= TASK INPUTS =

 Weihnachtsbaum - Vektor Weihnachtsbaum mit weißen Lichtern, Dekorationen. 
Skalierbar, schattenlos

* * *

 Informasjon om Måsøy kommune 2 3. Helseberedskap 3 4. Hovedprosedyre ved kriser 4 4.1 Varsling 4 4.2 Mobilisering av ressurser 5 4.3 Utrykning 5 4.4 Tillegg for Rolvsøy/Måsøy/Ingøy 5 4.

...

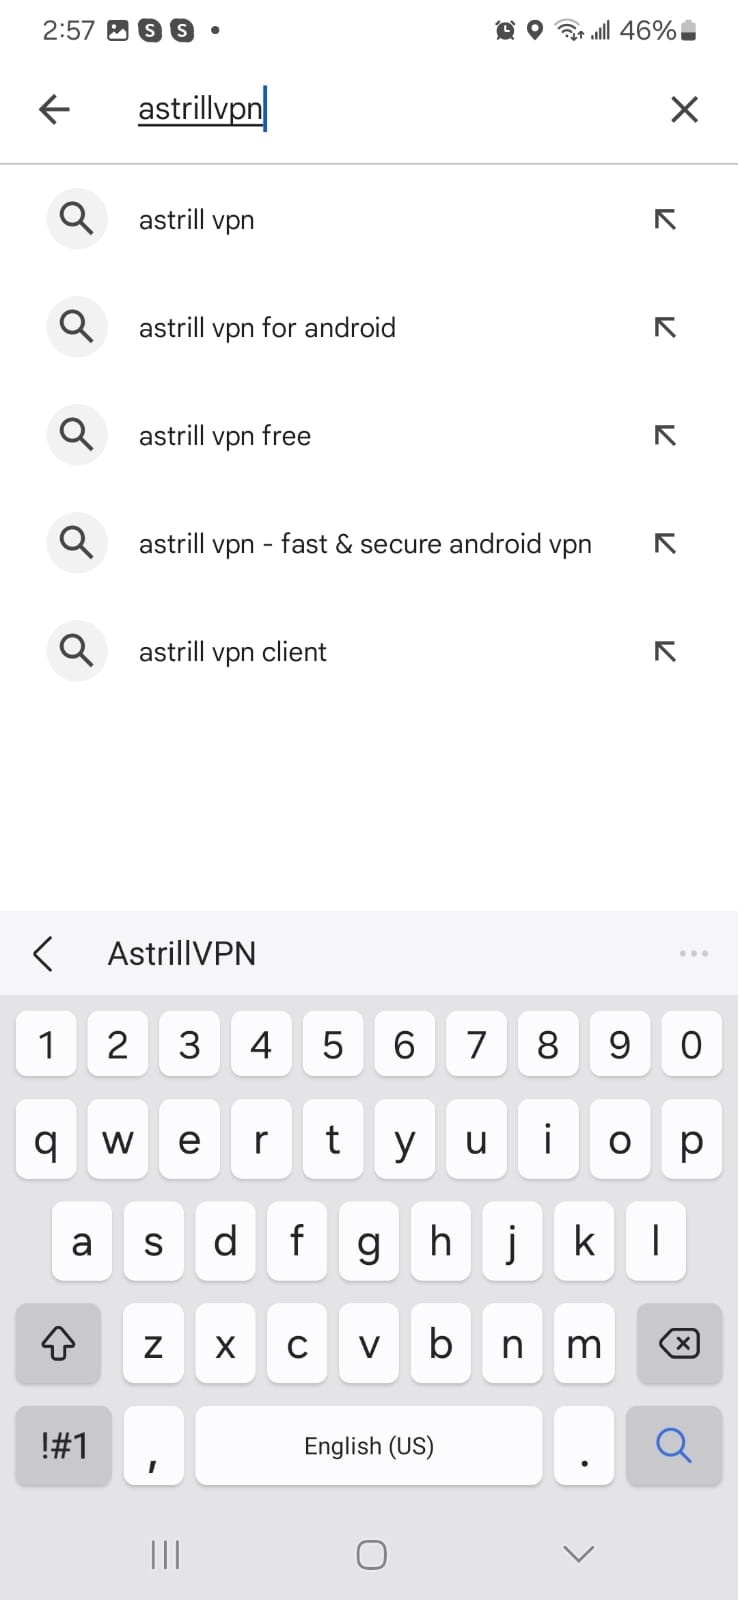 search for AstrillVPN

= EXERCISE DIRECTIONS =
Above this instruction are the records; retype exactly the lines from the one containing "Weihnachtsbaum - Vektor" up to and including the one containing "Skalierbar, schattenlos".

= YOUR SOLUTION =
 Weihnachtsbaum - Vektor Weihnachtsbaum mit weißen Lichtern, Dekorationen. 
Skalierbar, schattenlos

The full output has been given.